Data segment →
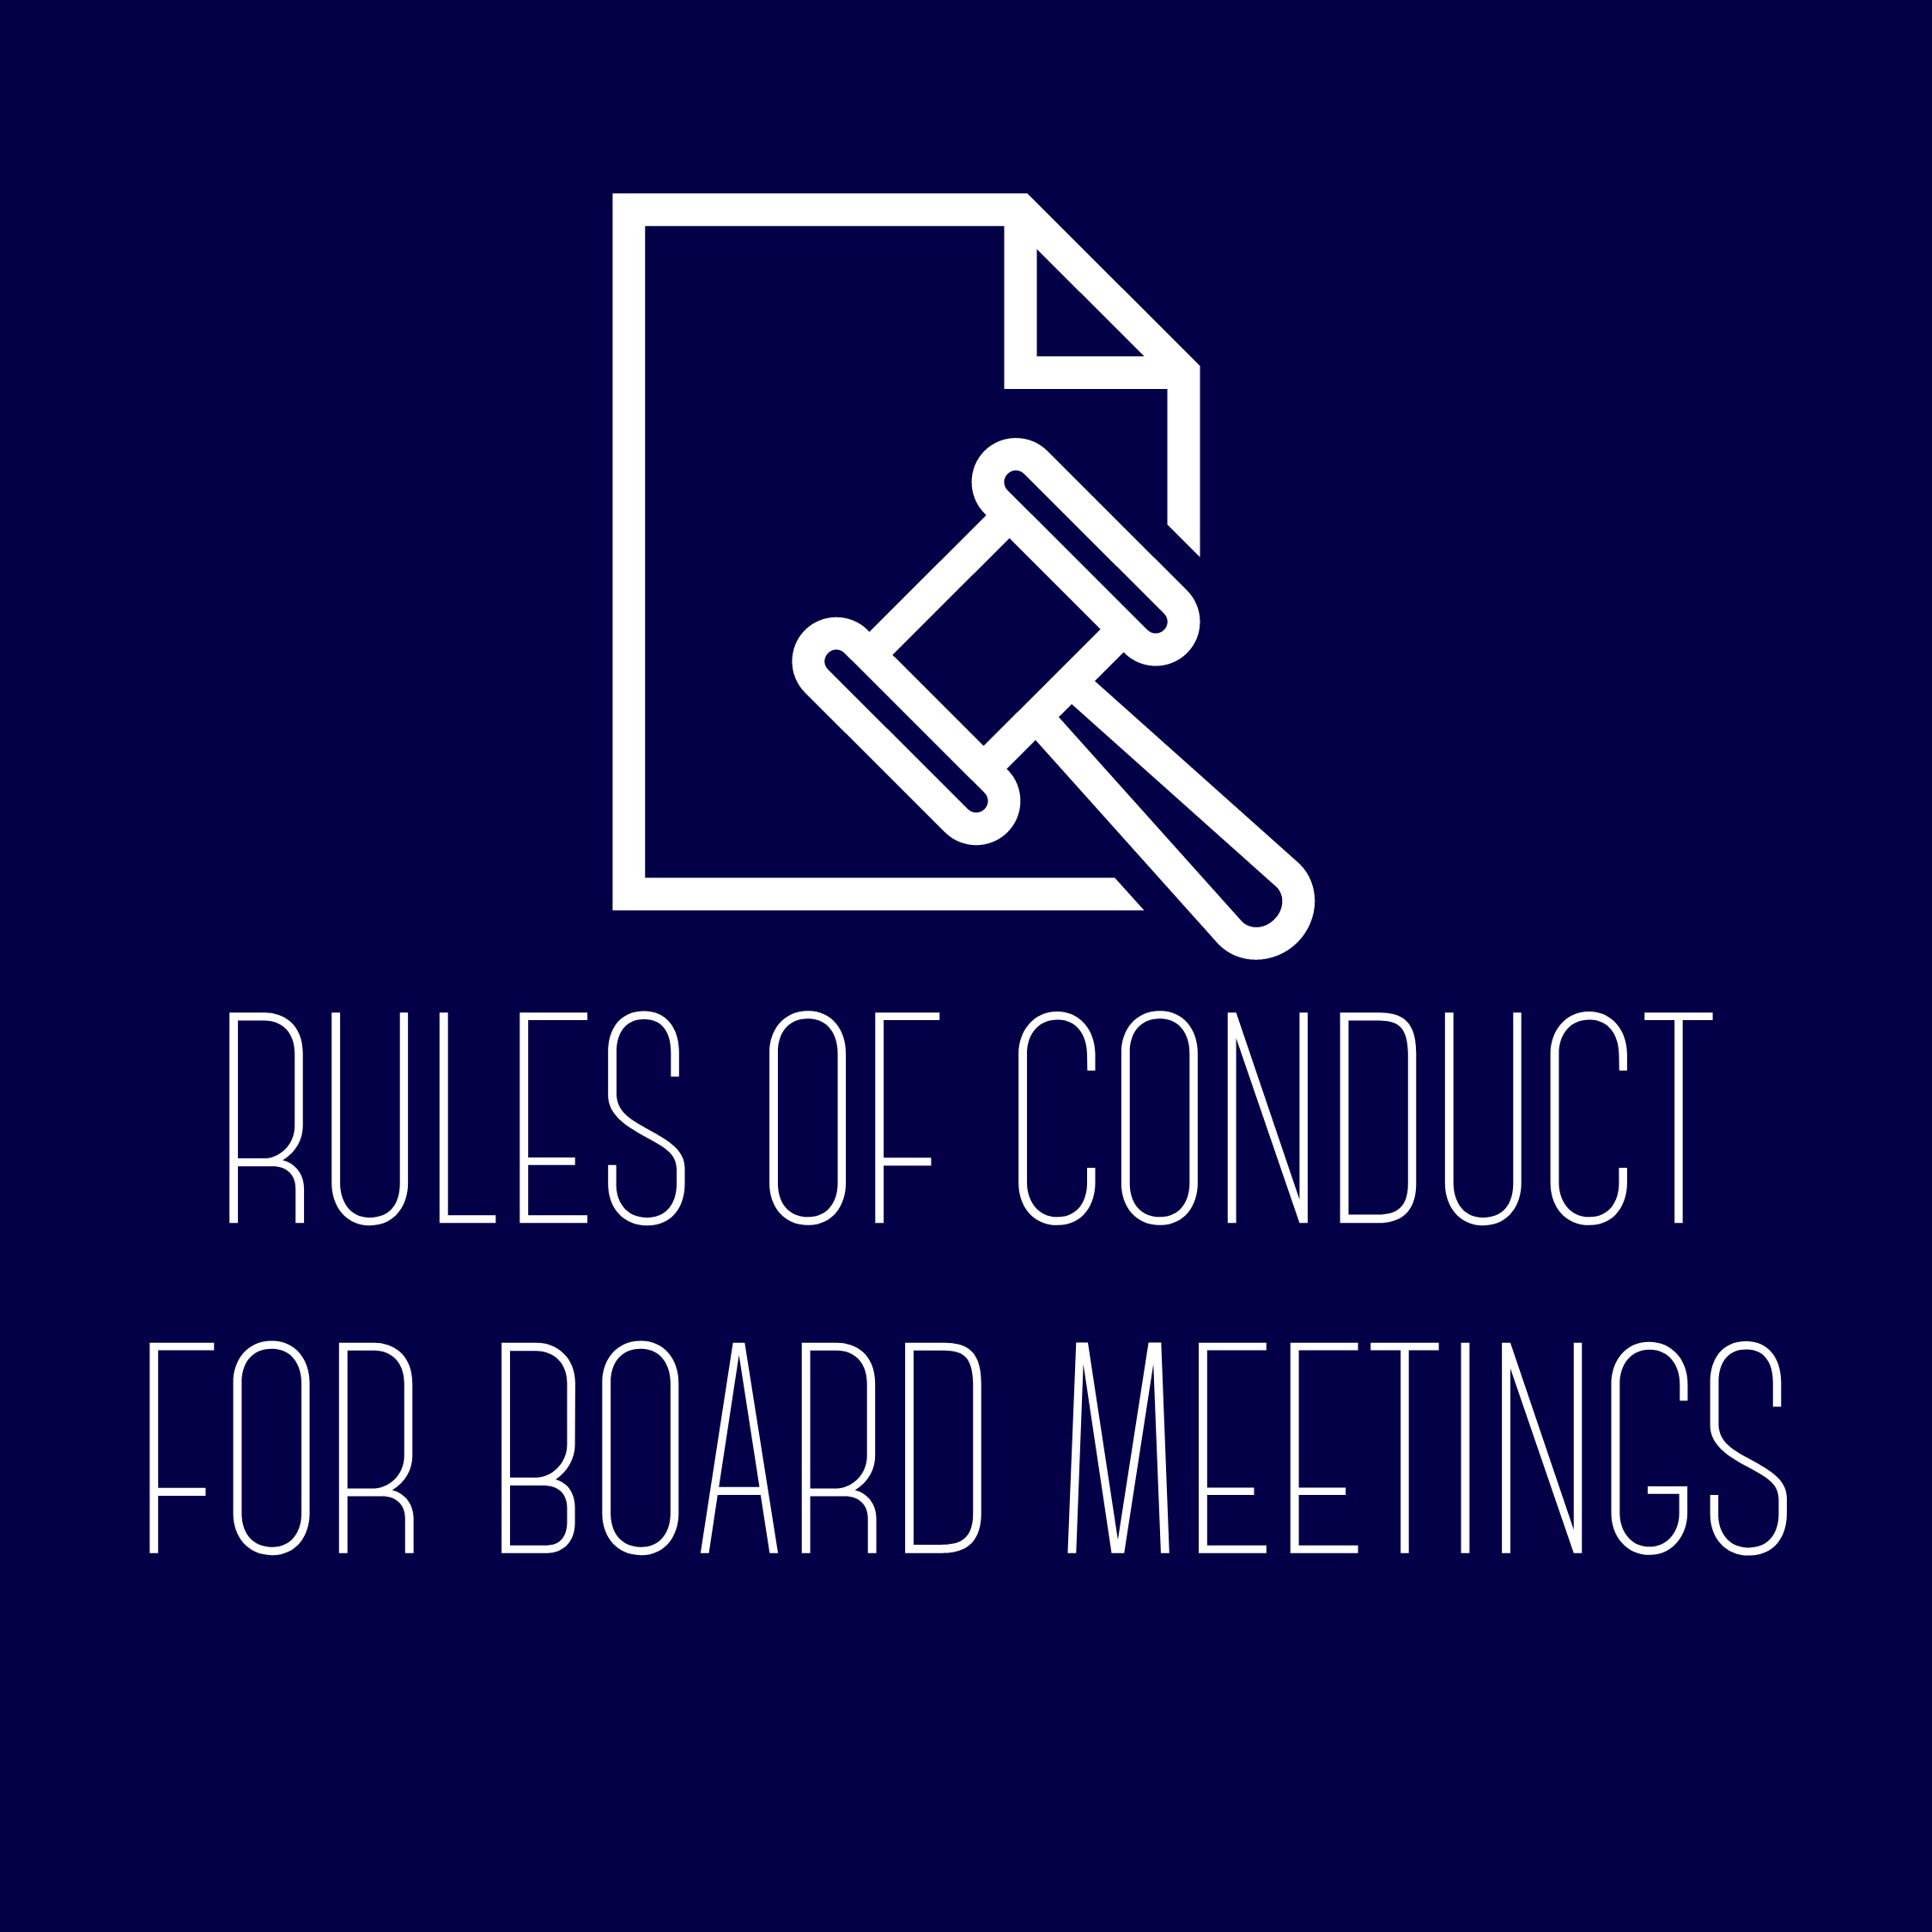 Rules of Conduct for Board Meetings
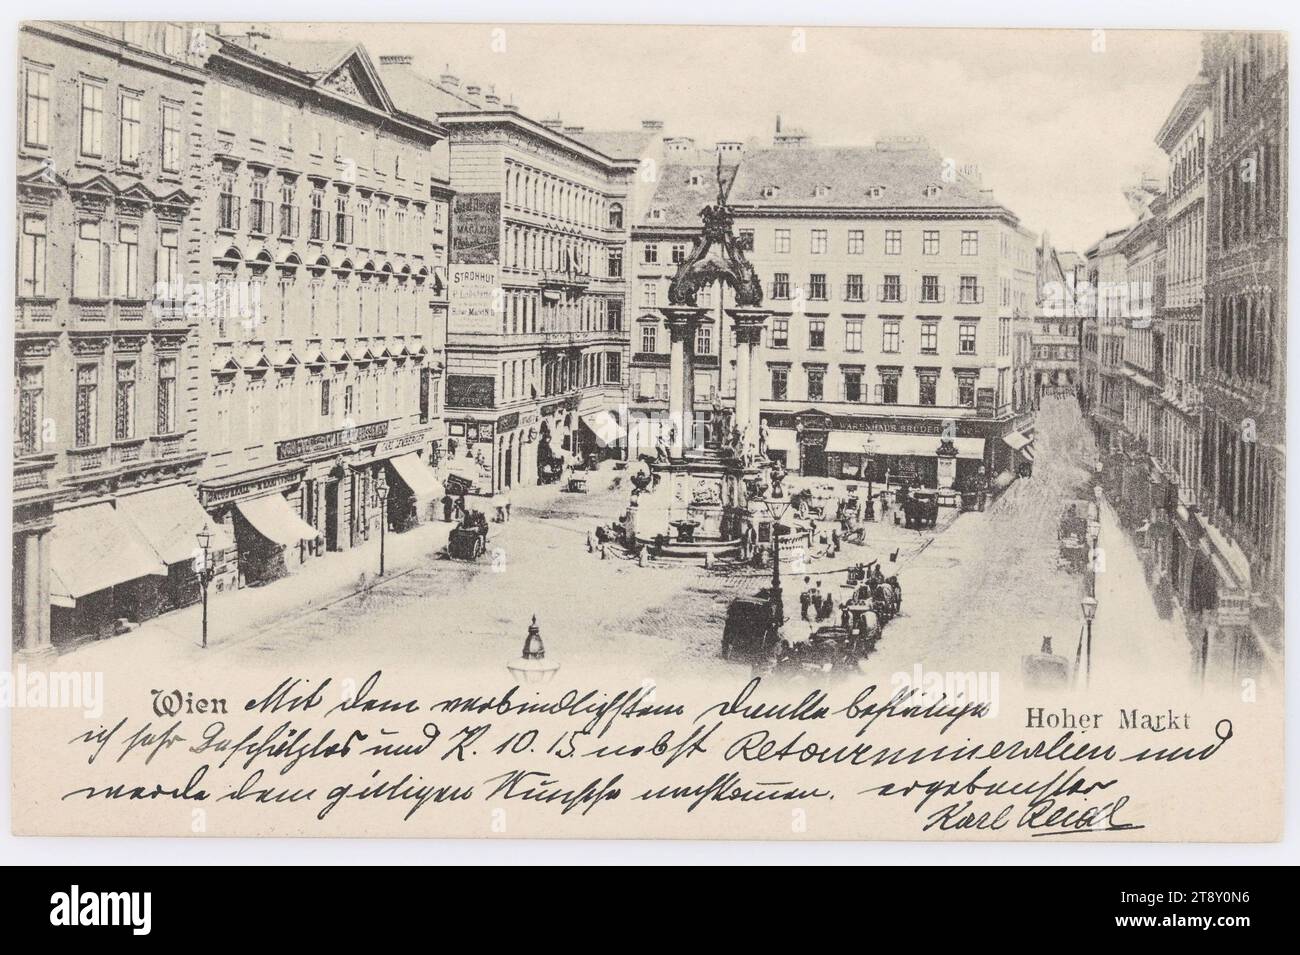 Vienna, Hoher Markt, publisher Anton Böhm, Vienna (A. B. & Co., Vienna), Producer, 1911, paperboard, Collotype, Inscription, TO, Vienna, ADDRESS, Hochwohlgeboren, Herr [..], Vienna III, Marokanergasse 19., MESSAGE, With the most obliging thanks I confirm very much appreciated and K. 10. 15. together with return minerals and will comply with the kind wish. Karl Reidl, Media and Communication, Postcards with transliteration, 1st District: Innere Stadt, ornamental fountain, sculpture, the usual house or row of houses, flat-building, apartment house, house combined with store, with people Stock Photo
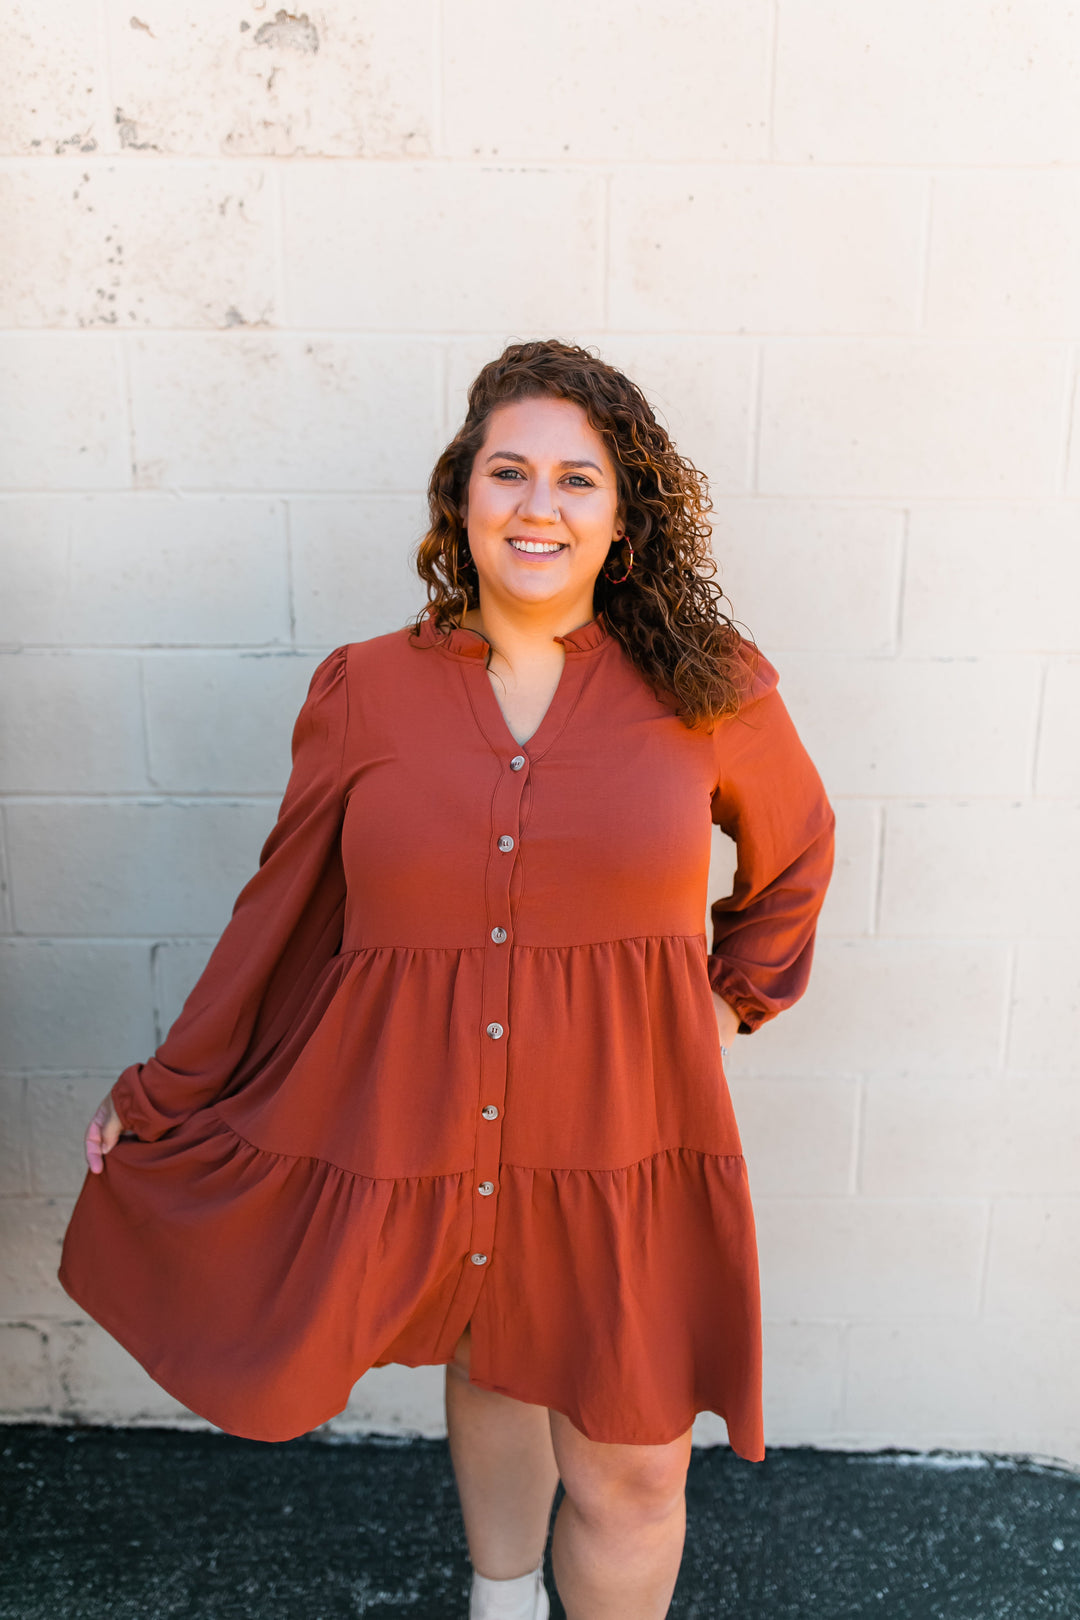 One Eleven Olive Boutique The Riley Button Up Dress (S-2XL) - Camel If you are in need of a flattering and easy throw together outfit, look no further than the Riley Button Up Dress! The color, the tiers, the buttons..the pockets! It

Your objective →
Your answer should contain only the lines from the beginning of the listing above through the line with "Vienna, Hoher Markt, publisher", copied exactly and without the pictures.

Output →
 Rules of Conduct for Board Meetings
 Vienna, Hoher Markt, publisher Anton Böhm, Vienna (A. B. & Co., Vienna), Producer, 1911, paperboard, Collotype, Inscription, TO, Vienna, ADDRESS, Hochwohlgeboren, Herr [..], Vienna III, Marokanergasse 19., MESSAGE, With the most obliging thanks I confirm very much appreciated and K. 10. 15. together with return minerals and will comply with the kind wish. Karl Reidl, Media and Communication, Postcards with transliteration, 1st District: Innere Stadt, ornamental fountain, sculpture, the usual house or row of houses, flat-building, apartment house, house combined with store, with people Stock Photo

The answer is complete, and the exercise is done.